One thing to notice is encryption and decryption should happen at **bytes** level. If you want to encrypt a python object (list, numpy array, pandas data frame, pytorch model or a string) then the first step is to serialize it into bytes. One easy way to do it is to use `pickle.dumps` method. 

## Client-side encryption with data key
Now let's pretend you are a data engineer and you need to move a chuck of data from location A to location B. Location A is the machine you are using now to run this notebook, location B is an S3 bucket that your data scientist buddy will be using later to create a training job. You want to ensure that while data is on its way from location A to location B, it is not intercepted and stolen by cyber-attacker in the middle. 

One solution is genereate a data key `DK` from the master key and use `DK` to encrypt your data at location A (client side) and save the encrypted to S3 bucket. 

You will get a different data key each time you request it from the master key and the plaintext data key is intended to be **short-lived** and you should only save the **encrpyted** data key for later use. 

Use [kms:GenerateDataKey](https://boto3.amazonaws.com/v1/documentation/api/latest/reference/services/kms.html#KMS.Client.generate_data_key) to generate a data key. 

In [None]:
key_length = 32 # 32 bytes 

data_key_res = kms.generate_data_key(
    KeyId=master_key,
    NumberOfBytes= key_length  # your data key is will be 32x8=256-bit long
                       # takes 2^256 number of guesses to crack your data key
    )

pp.pprint(data_key_res)

In [None]:
plaintext, ciphertext = data_key_res['Plaintext'], data_key_res['CiphertextBlob']

In [None]:
assert len(plaintext) == key_length

The ciphertext above is the encrypted data key. Of course it is encrypted by the master key. And the ciphtertext is what you should kept for long term.
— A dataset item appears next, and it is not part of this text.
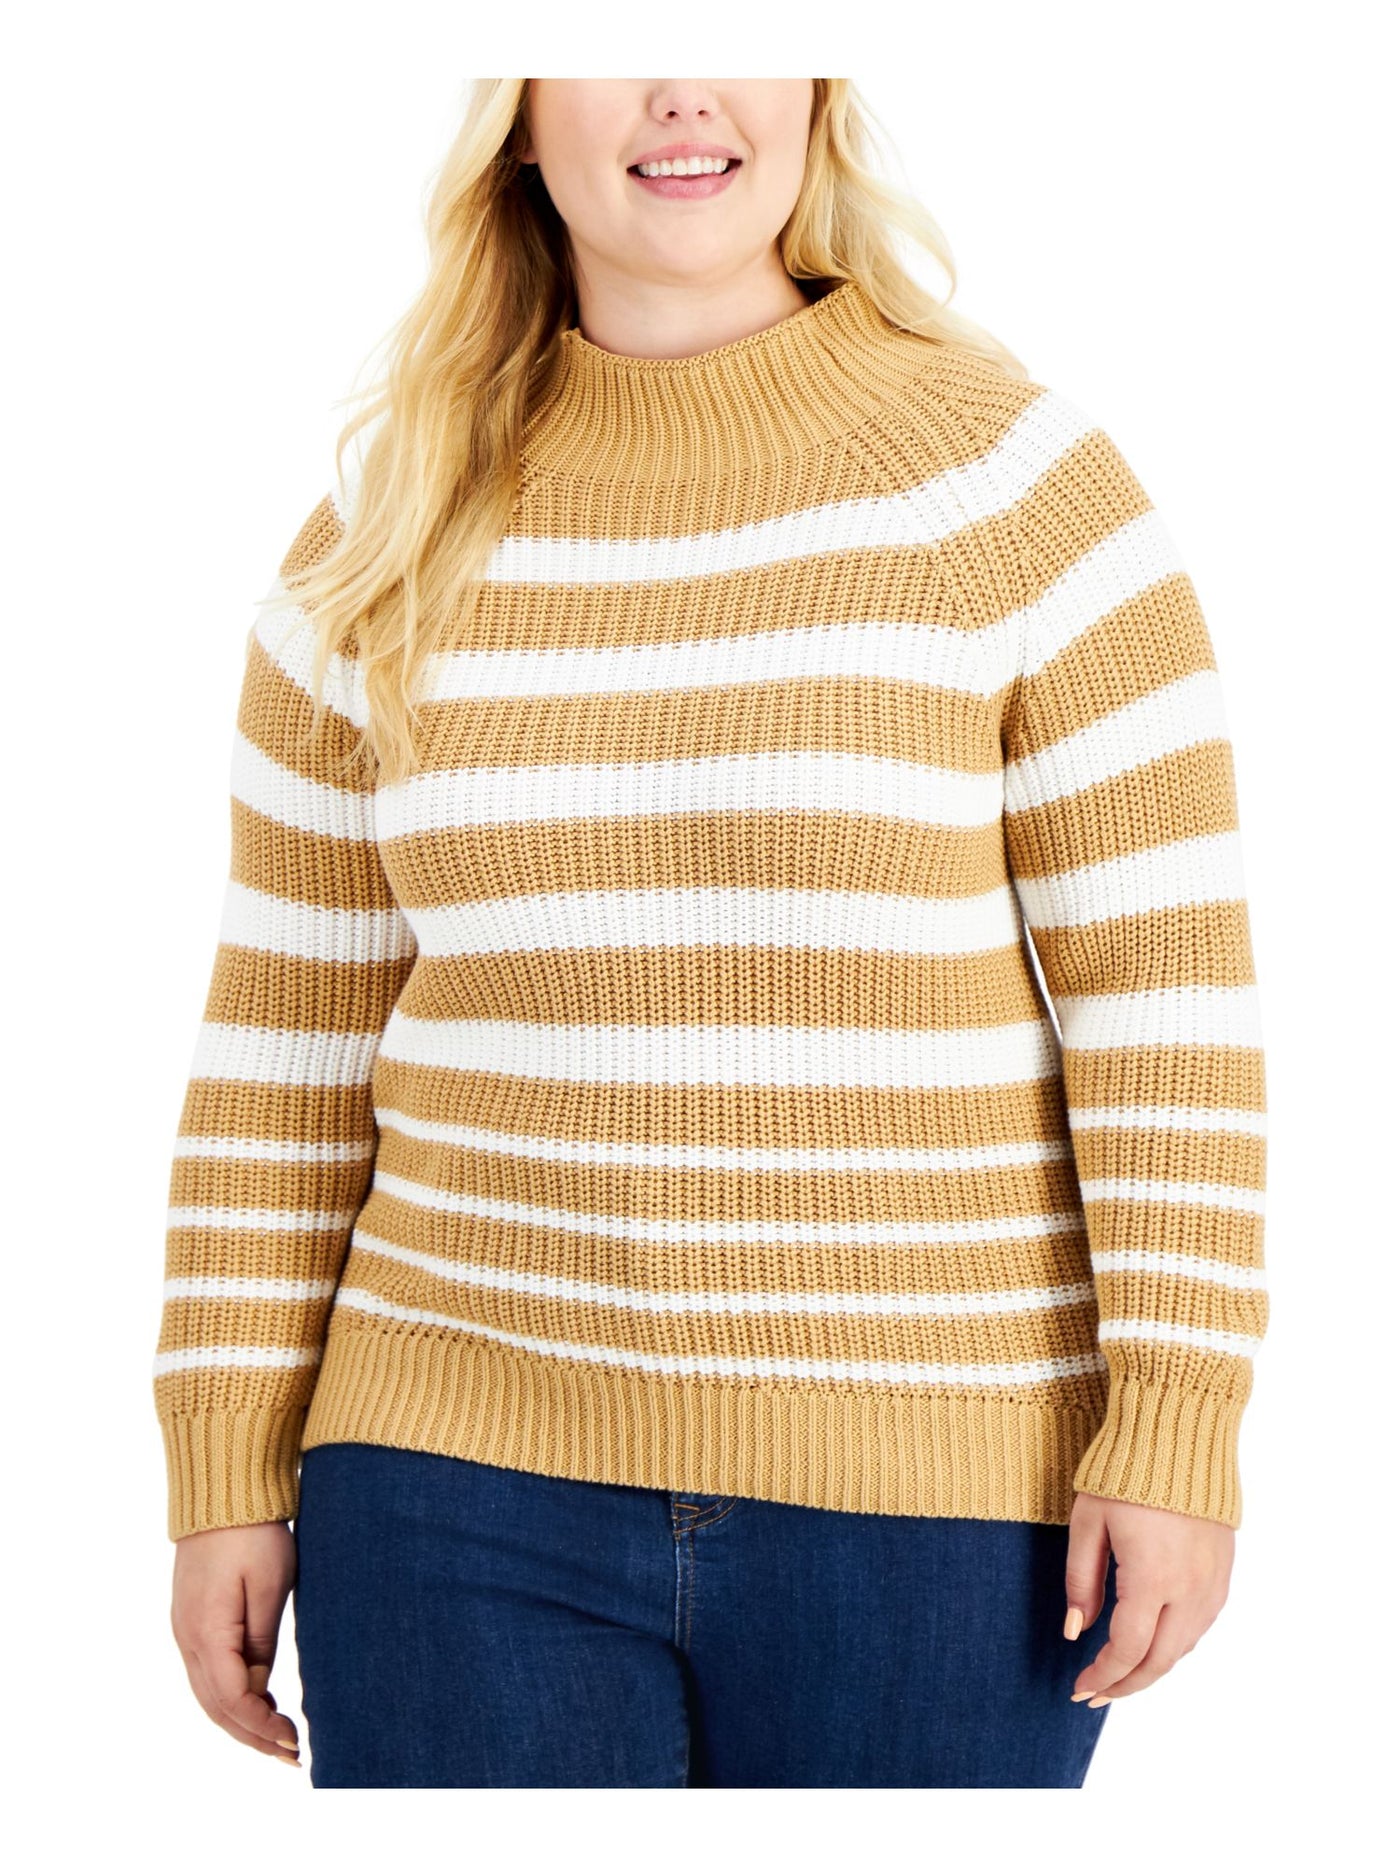 STYLE & COMPANY Womens Beige Cotton Textured Funnel Neck Striped Long Sleeve Sweater Plus 3X

There is nothing preventing you from encrypt your plaintext data key with a different master key. You just need to remember which master you used to encrypted it. 

In [None]:
assert kms.decrypt(KeyId=master_key, CiphertextBlob=ciphertext)['Plaintext'] == plaintext

Note that the plaintext data key is a byte-like object. It is not a string and in fact it cannot be decoded to a python string.

In [None]:
try:
    plaintext.decode('utf-8')
except Exception as e:
    print(e)

There are multiple python libraries for cryptography. We will use [cryptography](https://pypi.org/project/cryptography/)

In [None]:
!pip install cryptography

In [None]:
import base64
from cryptography.fernet import Fernet

def encrypt(data, plaintext_key):
    """Encrypt a chunk of bytes on client-side
    data: a chunk of bytes
    plaintext_key: plaintext data key
    """
    ascii_str = base64.b64encode(plaintext_key)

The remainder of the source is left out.